Taylor’s scenario thus assumes that everything breaks right for the U.S. economy for a full decade, with remarkable job growth and remarkable productivity growth in the economy as a whole. Not impossible but, unfortunately, not likely either.
Let’s grow the economy by 5%, instead of the anemic 2% currently envisioned. Such a national economic growth target will set our sights on a positive future. And inspire the actions needed to reach it. By the way, 5% growth is not some pie-in-the-sky number. We’ve done it before. And with the right policies, we can do it again.
Between 1983 and 1987, the Reagan recovery grew at 4.9%. Between 1996 and 1999, under President Bill Clinton and a Republican Congress the economy grew at more than 4.7%. In each case millions of new jobs were created, incomes rose and unemployment fell to historic lows. The same can happen again.
In the aftermath of the Great Recession, it wouldn’t be surprising to see a couple years of strong growth at some point. Let’s hope it’s soon.
But could we have remarkably strong growth for a full decade, as Pawlenty hopes? His two examples don’t inspire confidence. In each case, strong growth ended in four years or less.
So when was the last time the United States grew at 5% for a full decade?
Mid-1958 through Mid-1968. Over that span, U.S. growth averaged exactly 5.0% per year.
But that’s the only instance since World War II. Economic growth was lower than 5%, usually much lower, in every other decade since 1947:
Growth hasn’t reached even 4% over any decade since the late 60s and early 70s.
Getting up to 5% over the next decade thus seems not merely ambitious, but almost unthinkable.
Of course, a few years back many would have said the same thing about getting the U.S. growth rate down to 2%. Until the Great Recession, there was only one ten-year stretch in the post-war period, ending in early 1983, in which growth averaged as low as 2%.
Sadly, we’ve broken that record handily.

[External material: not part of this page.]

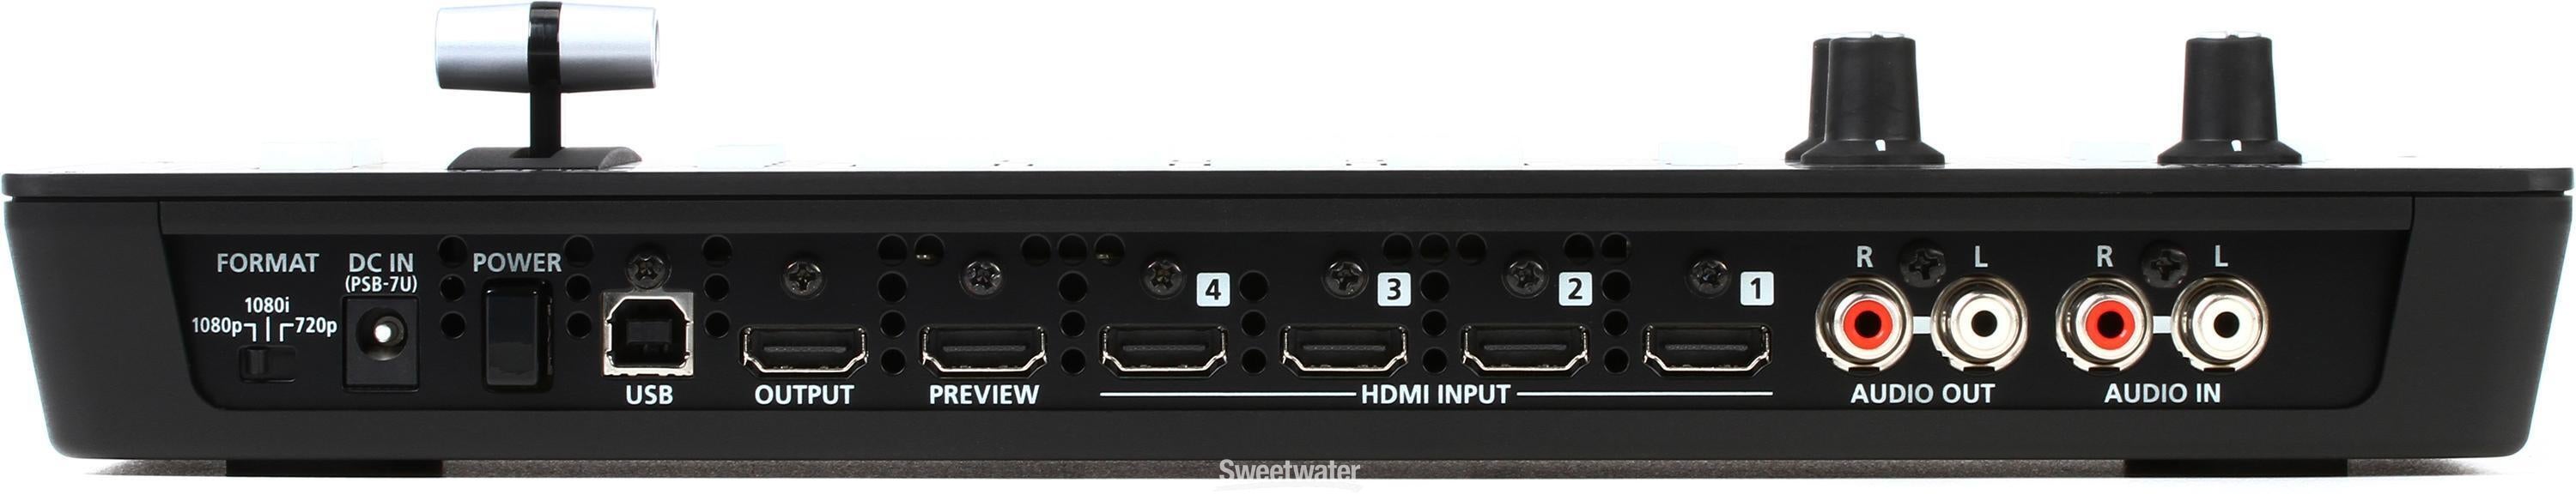 Roland V-1HD 4-channel HD Video Switcher | Sweetwater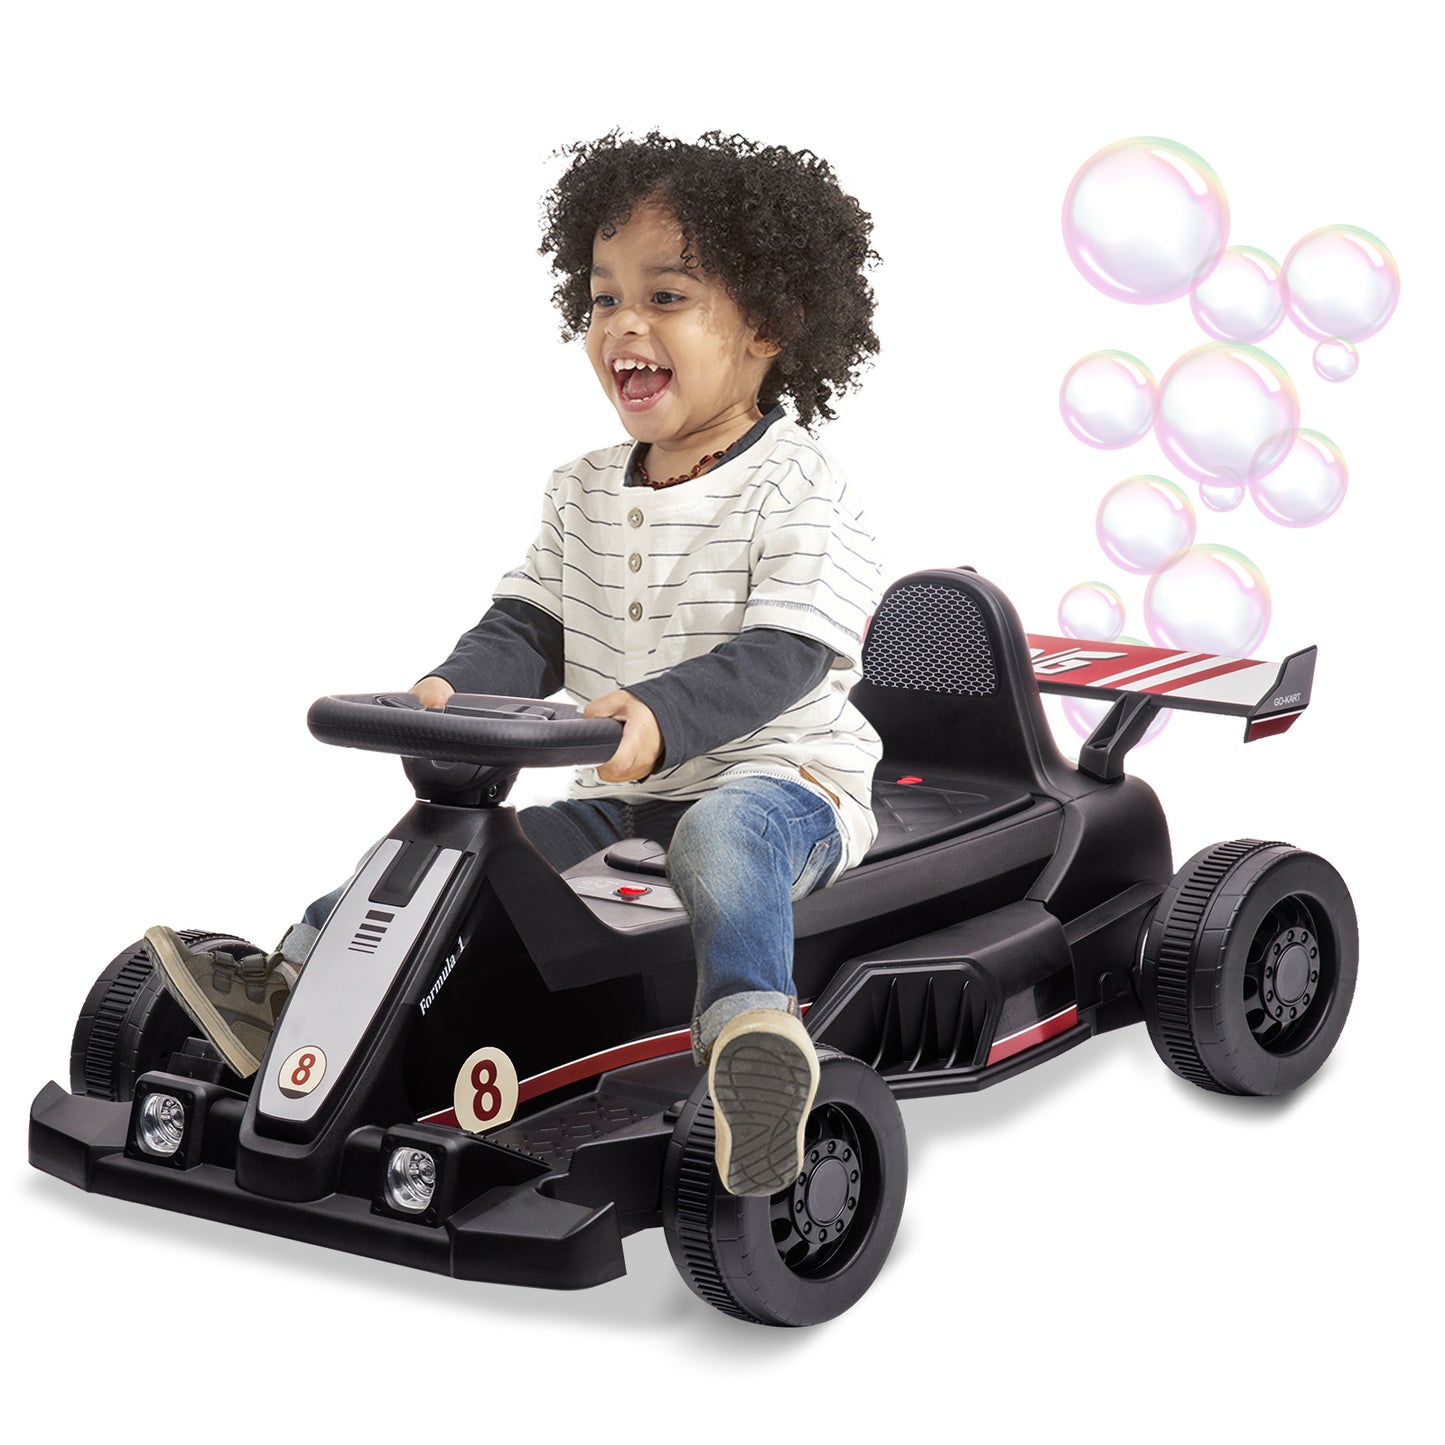 SYNGAR Power Ride on Toys for Kids, 6 V Electric Car with Bubble Function, Battery Electric Ride On Vehicle Toy for Boys Girls, Black

Over the past ten years, growth has averaged a meager 1.8%.
So maybe T-Paw’s right, and the economy can break out to the upside just as we’ve done to the down.
But I wouldn’t bet on it, regardless of who is president.
P.S. The quarterly data I use here are available since 1947. Annual data go back to 1929. Perhaps not surprisingly, every ten-year period ending in 1941 through 1951 had an average growth rate of 5% or more, thanks to World War II and the rebound from the Great Depression.